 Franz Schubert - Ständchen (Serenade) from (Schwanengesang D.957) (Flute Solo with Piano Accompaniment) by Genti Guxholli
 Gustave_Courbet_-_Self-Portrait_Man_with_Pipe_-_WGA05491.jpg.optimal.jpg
...
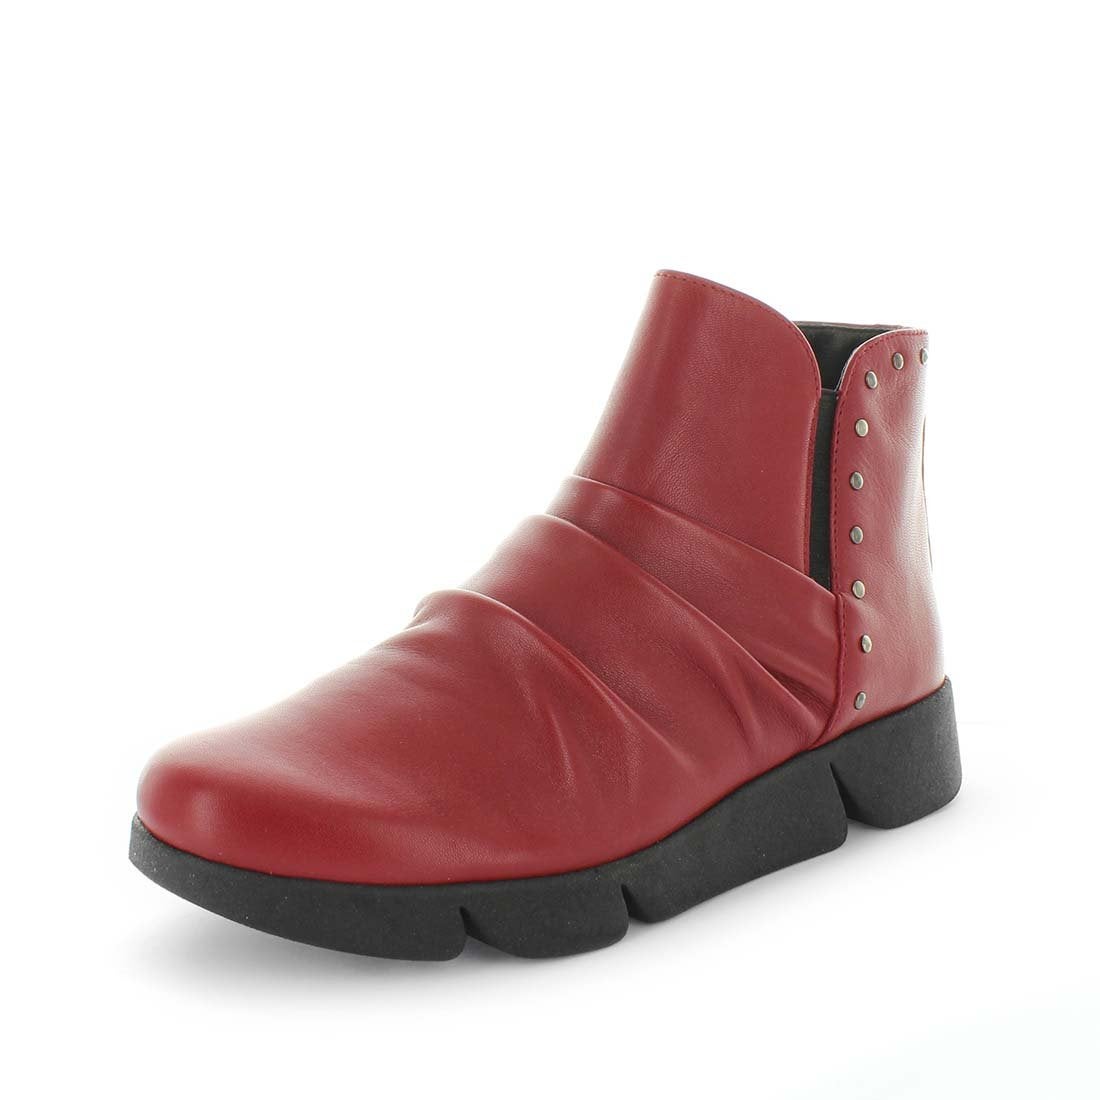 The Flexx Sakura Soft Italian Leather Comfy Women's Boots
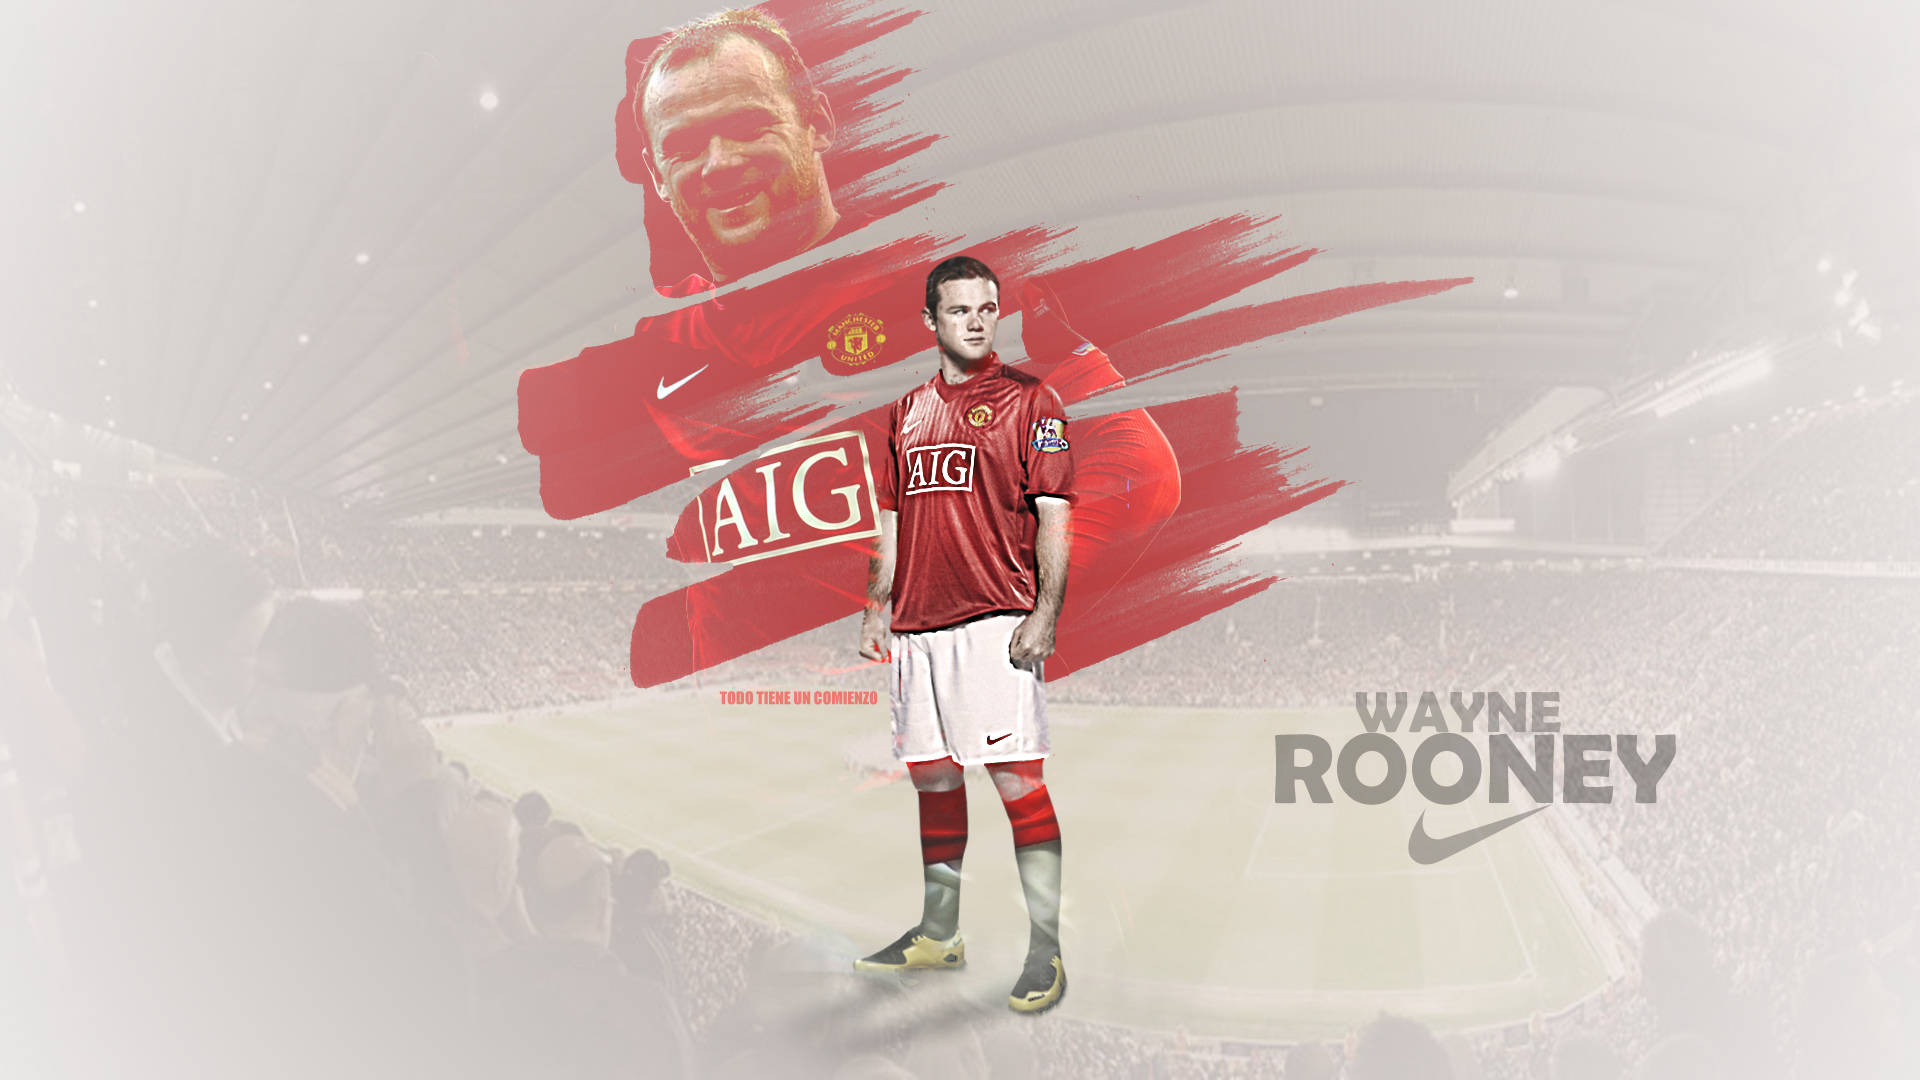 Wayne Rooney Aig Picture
...
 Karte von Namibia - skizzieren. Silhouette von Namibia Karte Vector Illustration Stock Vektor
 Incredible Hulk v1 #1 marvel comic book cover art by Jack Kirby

*TASK*: From the material above, copy exactly the lines between the line holding "Karte von Namibia" and the line holding "Incredible Hulk v1", inclusive, and only those.

*OUTPUT OF THE TASK*:
 Karte von Namibia - skizzieren. Silhouette von Namibia Karte Vector Illustration Stock Vektor
 Incredible Hulk v1 #1 marvel comic book cover art by Jack Kirby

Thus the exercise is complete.